I am having a really hard time in my life and I realized something today- very often coming here anymore stresses me out. It isn't good and this is making me very unhappy. I am not comfortable here anymore. Losing Abby was and still is very, very hard for me. It was so hard that, as much as I hate to admit it, Kates illness and passing didn't hurt like I think it should have...
I have so much going on in my life that I don't discuss here. I have tried to make this my get away from it place and it did help for awhile... Now things just aren't the same for me.
I had decided I would get another lionhead and I may again someday but as of now I just don't know. Tony may be the last rabbit for me.
I am, at this point, still feeling pretty guilty about rehoming Happy and I miss Abby more than ever. I often feel judged about rehoming him and Gibbs but if most were in my shoes I think they would probably have done the same. If not thats fine also, to each his own.
I have loved my buns and given my heart to those whom I called my own. Often times I wish I hadn't given Abby so much of it. Losing anyone you love hurts so bad but especially when you lose first- your beloved dog whom has been a part of your life for over 6 years, then a baby bun whose death was caused unintentionally by yourself, and then you lose your heart bun and the only bun whom got to meet and play with your little dog..

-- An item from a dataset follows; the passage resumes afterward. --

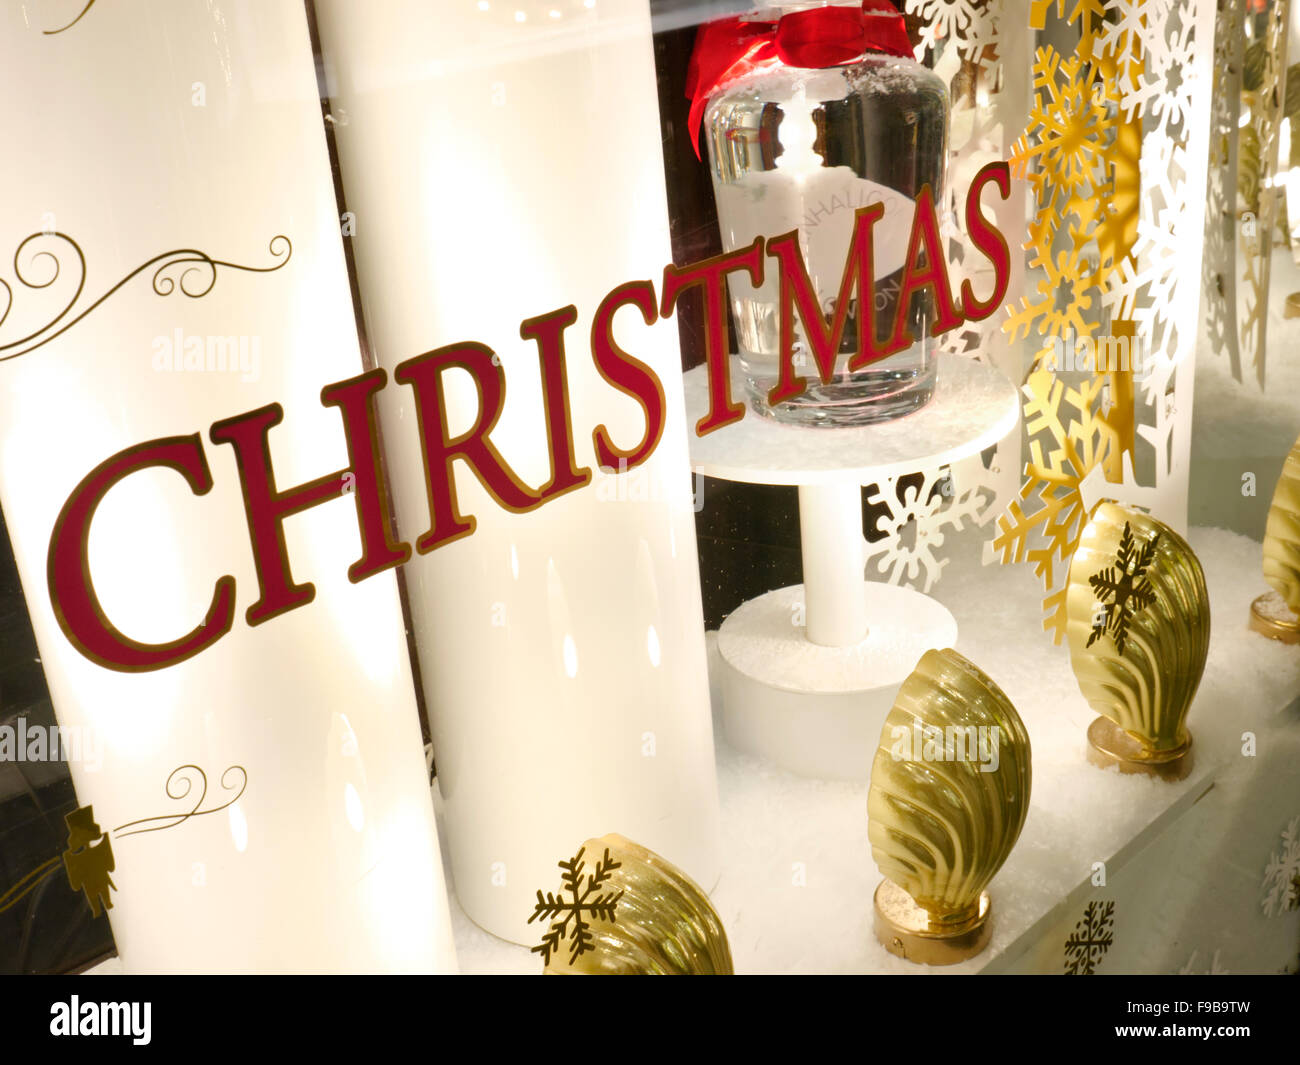 Christmas Shop Stock Photos & Christmas Shop Stock Images - Alamy

I have to admit that I am a little angry. I rehomed 2 buns since being here (2 that were my own) and 2 that I took in for the purpose of rehoming- the mini rex and a lop when I first began posting. Both are doing excellent by the way- they keep in touch with me. What I am angry about is this- I judged myself quite harshly for rehoming both Gibbs and Happy, Believe me when I say that no one else had to do that for me. I guess I am angry because I couldn't stand myself for rehoming them and others do it, well, just because.
I am the type of person whom has always been very honest and straight forward. I believe being too easy on someone when they continuously do things that are hurtful to another is extremely detrimental to the person (or in this case- animal) whom is being wronged and the one commiting the act.
I have volunteered at shelters and given donations of money, time, and items many times. I hate what I have seen but at the same time I am thankful for the experience for it has opened my eyes to the bigger picture and to be willing to be the voice for those whom don't have a voice. I hope one day that I am able to do more than I can atm but the thing I can do is say- "Hey, that isn't right." Silencing this part of me is killing me and I know I can't say these things so I bite my tongue. I can't continue to so I think my chapter here has come to an end. I will definetly say goodbye to many before I log out for the last time, if I am allowed. I am not quite sure what grounds for being 'ejected' from the game are quite. Lol.